Of the four post-Latin alphabets created in Europe, the Germanic ones (Futhark and Gothic), had declinable letter names, corresponding to ordinary nouns (hypothetically, Futhark: _*fehu, *ūruz, *þurisaz, *ansuz, *raidō, *kaunan…_ — https://en.wikipedia.org/wiki/Elder_Futhark#Rune_names and, very hypothetically, Gothic: _*ans, *bairka, *giba, *dags, *aiƕs, *qairþra_… — https://en.wikipedia.org/wiki/Gothic_alphabet#The_letters), whereas both Slavic ones (Glagolitic and Cyrillic) used random words from different parts of the speech (_азъ/azъ_ "I", _бѹкы/buky_ "letter", _вѣдѣ/vědě_ "I know", _глаголи/glagoli_ "say!", _добро/dobro_ "good", _естъ/_(_j)estъ_ "is", _живѣте/ʒivěte_ "[Pl. 2] live!", _ѕѣло/ʣělo_ "very", _землꙗ/zemļa_ "Earth", _иже/jiʒe_ "those who", _како/kako_ "how", _людиѥ/ļudьje_ "humans"… — https://en.wikipedia.org/wiki/Early_Cyrillic_alphabet#Alphabet), of which only nouns/adjectives could be declined.

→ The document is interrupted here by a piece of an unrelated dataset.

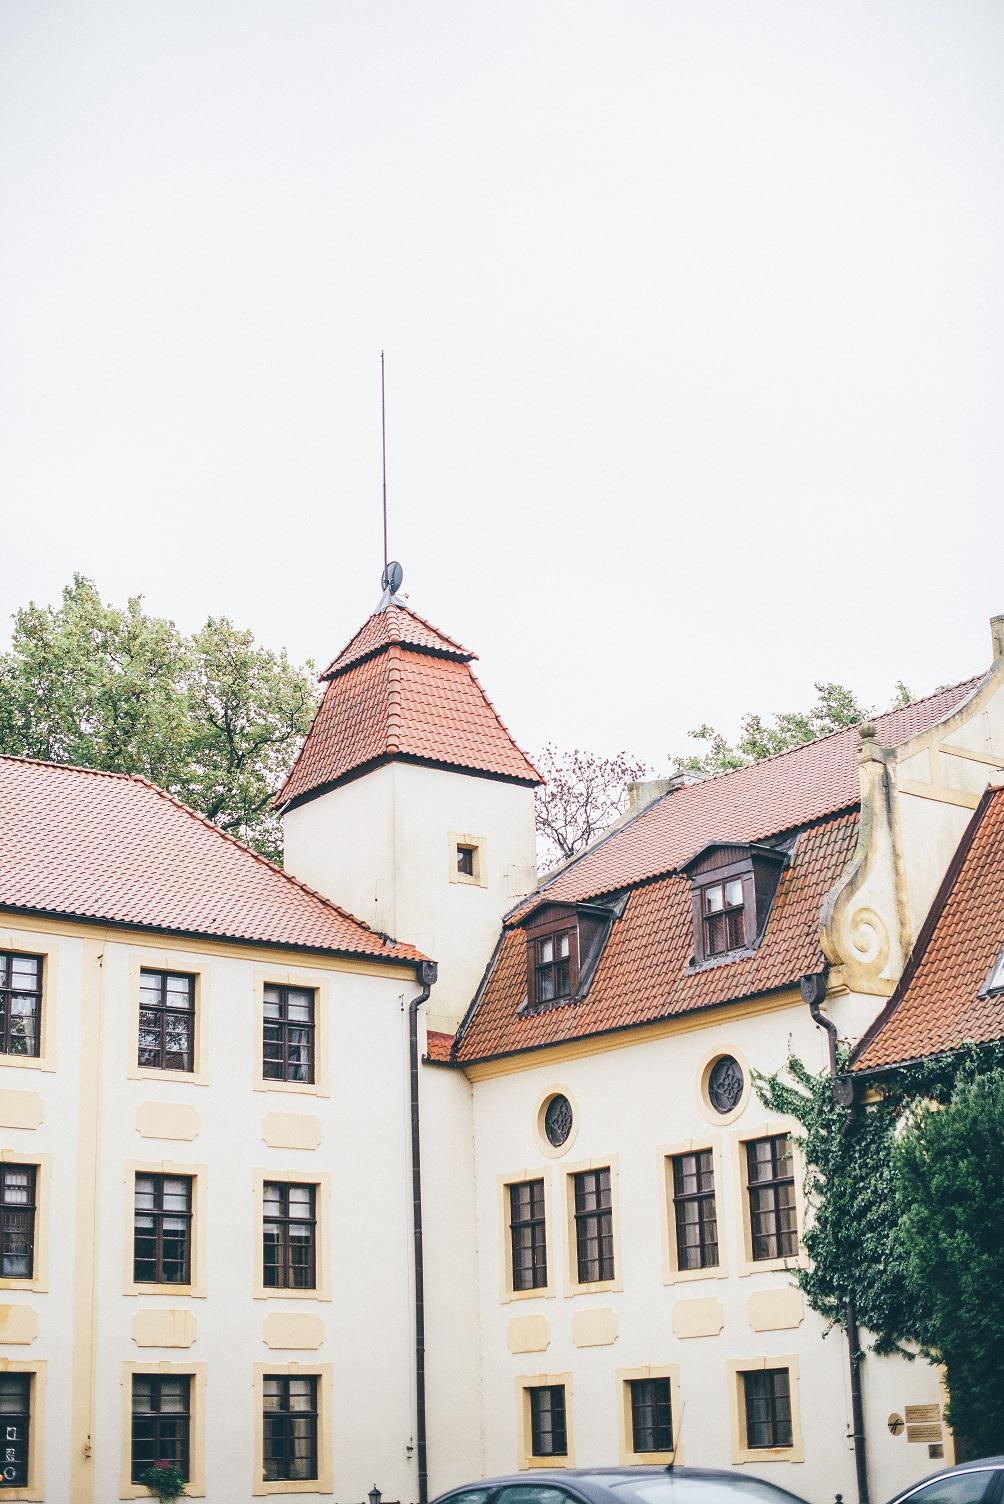 Zamek Krokowa 24 - Na zamku w Krokowej

In Greek, the declination was carried out by the article: _τό άλφα, τοῦ άλφα, τῴ άλφα, τό άλφα, τά άλφα, τῶν άλφα…_ (https://books.google.ru/books?id=W6...ved=0CEYQ6AEwBQ#v=onepage&q="τά άλφα"&f=false — in the middle of the left column).


----------



## fdb

ahvalj said:


> In Greek, the declination was carried out by the article: _τό άλφα, τοῦ άλφα, τῴ άλφα, τό άλφα, τά άλφα, τῶν άλφα…_ (https://books.google.ru/books?id=W6xJAAAAcAAJ&pg=PA88&lpg=PA88&dq="τά+άλφα"&source=bl&ots=QAY0H6vBnP&sig=iMLcJcBjE56DRvrWXK7nVQD5Xrg&hl=ru&sa=X&ei=cAieVff3OcG4ygPH7qPoCg&ved=0CEYQ6AEwBQ#v=onepage&q="τά άλφα"&f=false — in the middle of the left column).




I am not sure that any of the oblique cases are attested in classical Greek (Stephanus included Byzantine and Ecclesiastical Greek in his Thesaurus). But maybe we can agree on “invariable” instead of “undeclinable”.


----------



## francisgranada

Gavril said:


> Why would this practical need be especially absent for letters, though, compared to other semantic categories? (For example, you might expect a sentence like "This word is written with 'a' at the end"  ...


Because we often say in various languages e.g. "This word is written with _the letter 'a'_ at the end", even if there's no problem with the "declinability" (as e.g. in Hungarian). This is only an idea ...


----------